On his Facebook page, Dhanuka recently dinged Brian Dahle for voting for Democratic legislation, including AB 1471, the Water Quality and Infrastructure Improvement Act of 2014, which led to the Klamath Dam removal project, because it will “destroy our dams.”

That’s not going to please the Tribes and enviros, to say the least.

Dhanuka has called Megan Dahle a RINO, a “Republican in Name Only,” an acronym generally hurled by Republicans at fellow party members they don’t consider conservative enough.

The public safety unions supporting Dahle have responded with a vicious series of radio ads implying Dhanuka committed Medicare fraud (he did not) and doesn’t vote in elections (he does).

As Dhanuka and Dahle tack ever further right, that could open the door for Betancourt, who has spent $56,000 since Jan. 1, compared to Dhanuka’s $372,000 and Dahle’s $377,000, according the Secretary of State’s Cal-Access website.

Betancourt is used to running on a shoestring and still has her ground game intact after being defeated by Dahle in last year’s special election 58 percent to 42 percent.
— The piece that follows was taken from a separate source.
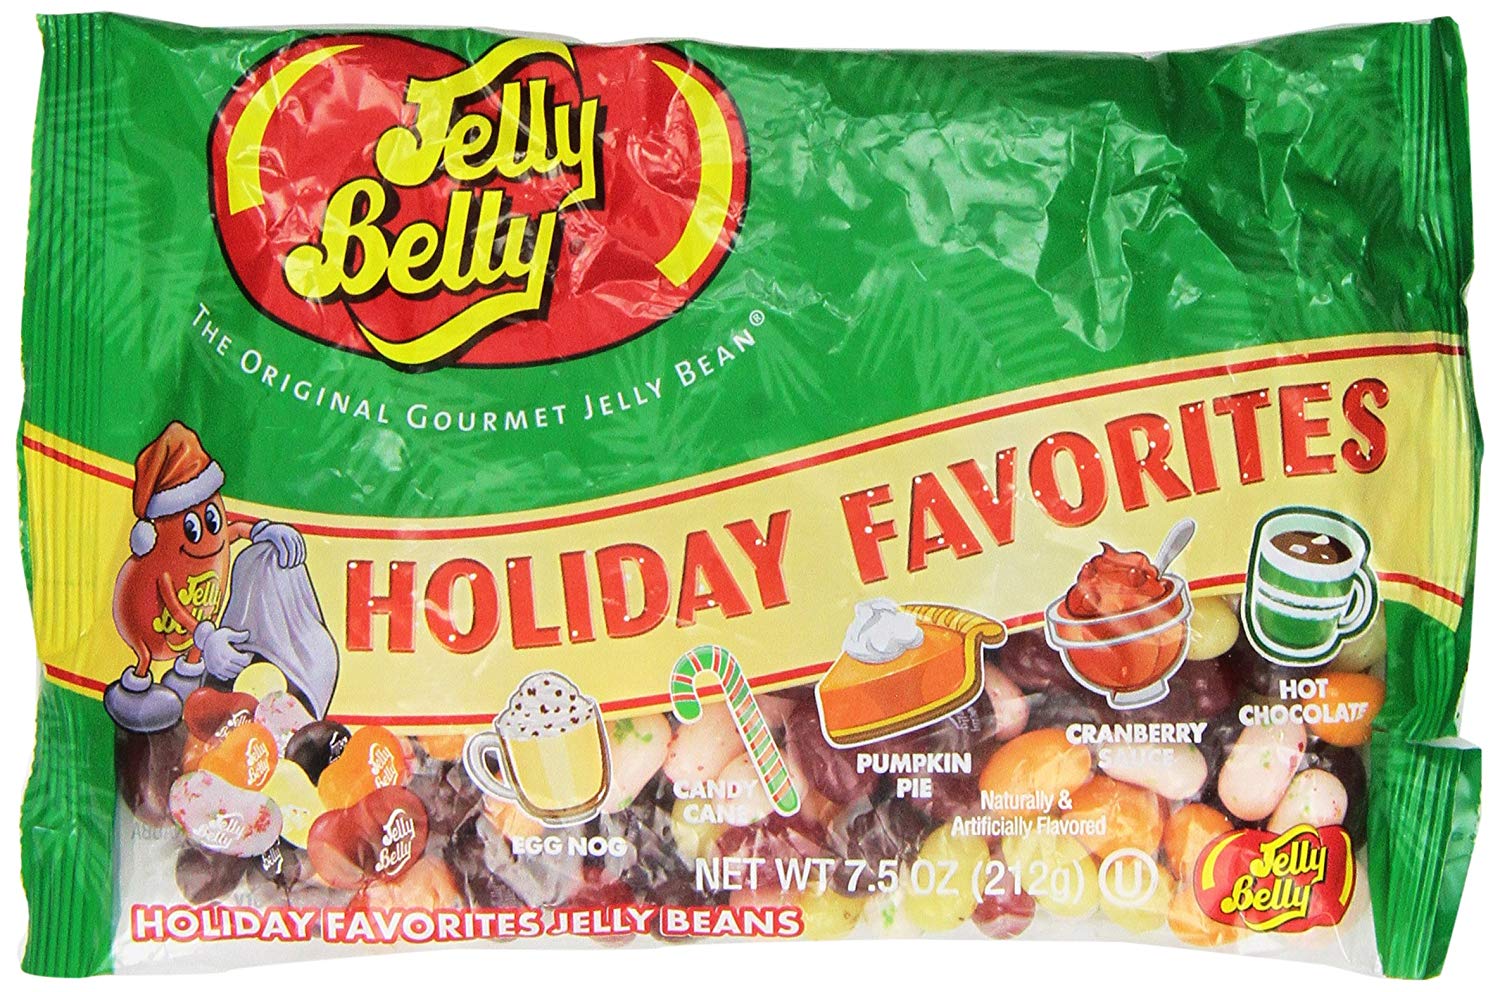 Jelly Belly holiday favorites

While that’s a daunting divide, it was the best performance by a Democratic candidate in a November election in 40 years.

Throw in the fact this is a Democratic Presidential Primary, with front-running Bernie Sanders embracing the Green New Deal and inspiring millions of young people to vote across the country, and she has a better-than-even chance of finishing in the top two.
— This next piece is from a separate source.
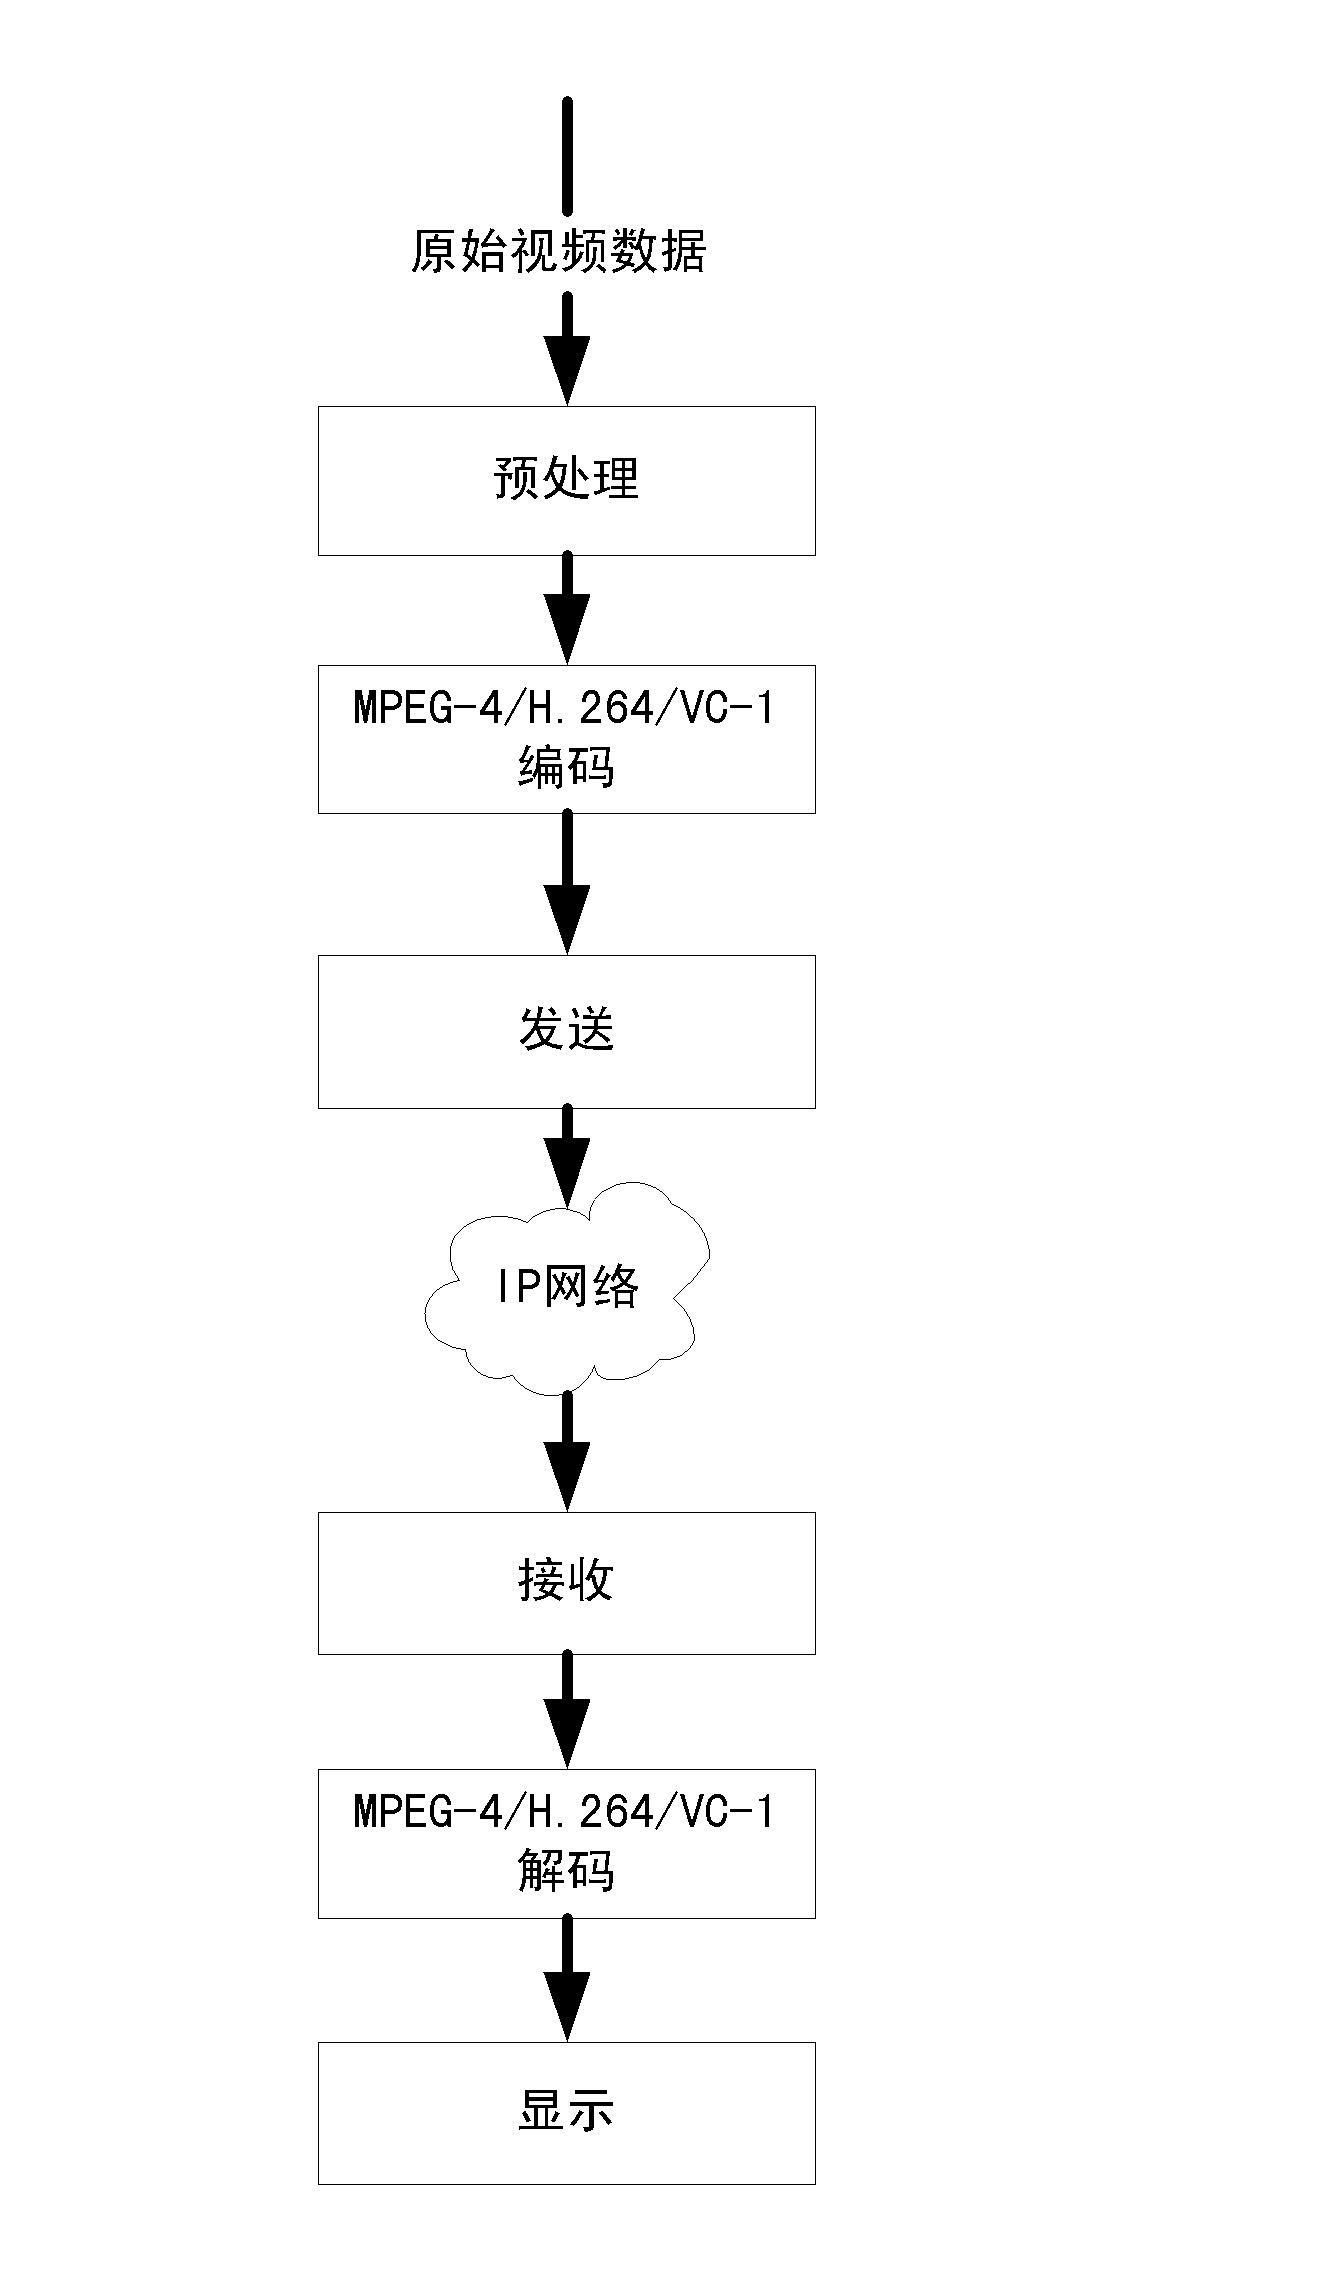 Multi-channel video transmitting system and method

She’s the only candidate who has the will and the skill set for the task at hand: implementing the Green New Deal in Northern California.

Sen. Brian Dahle and his truck.

State Senate District 1: Socialism for the Rich, Rugged Individualism for the Poor

Republican Sen. Brian Dahle will undoubtedly finish first in the primary for State Senate District 1 and will most likely win in the general election. His two opponents, independent retired schoolteacher Linda Kelleher from Penn Valley and Democrat Pamela Dawn Swartz, a small business owner from Nevada City, have virtually zero money to campaign with compared to the massive funding Dahle receives from private donors and corporate and public safety union special interests.

Both Swartz and Kelleher believe climate change is real and embrace some elements of the Green New Deal such as reducing income inequality and providing single-payer healthcare.

“Climate change is real, and it’s happening before our eyes,” Swartz states on her campaign’s Facebook page. “We need bold action now to address this global crisis. The great news is that in the North State, we have a top-notch answer to addressing climate change, threat of fire, and water sustainability, right in our own back yard!”

Swartz is referring to small 3 MW biomass generation stations, one possible solution for rural communities in fire prone areas that are struggling to dispose of forest debris.

On Kellher’s Facebook page, the candidate says she’s a fundamentalist Constitutionalist and calls the Framers the “OG socialists.” She’s running as an Independent because she believes the state Democratic Party has give up on SD-1. Here’s her take, which has been lightly edited:

“The reason Democrats cannot win in the north state is due to the idea that the north state is a Republican stronghold. It’s not worth the political capital to support state or federal candidates here,” she says. “It’s the reason LaMalfa and the Dahles can represent their economic interests at the expense of their taxpaying constituents’ general welfare. They don’t want to change a thing. They want to continue their legacy to profit off our natural resources. Because of that economic policy, many rural citizens live in Appalachian poverty, like in Bieber, the Dahles’ hometown. But the Democrats are so busy focusing on maintaining their partisan control they don’t pay attention to these isolated, ignored citizens.”

I’m sure that’s a sentiment shared by many of SD-1’s citizens. Special interests continue to get their way, while much of the North State goes begging. A recent case in point: The Trump administration’s proposed changes to water deliveries from northern California to southern California via the State Water Project and the federal Central Valley Project.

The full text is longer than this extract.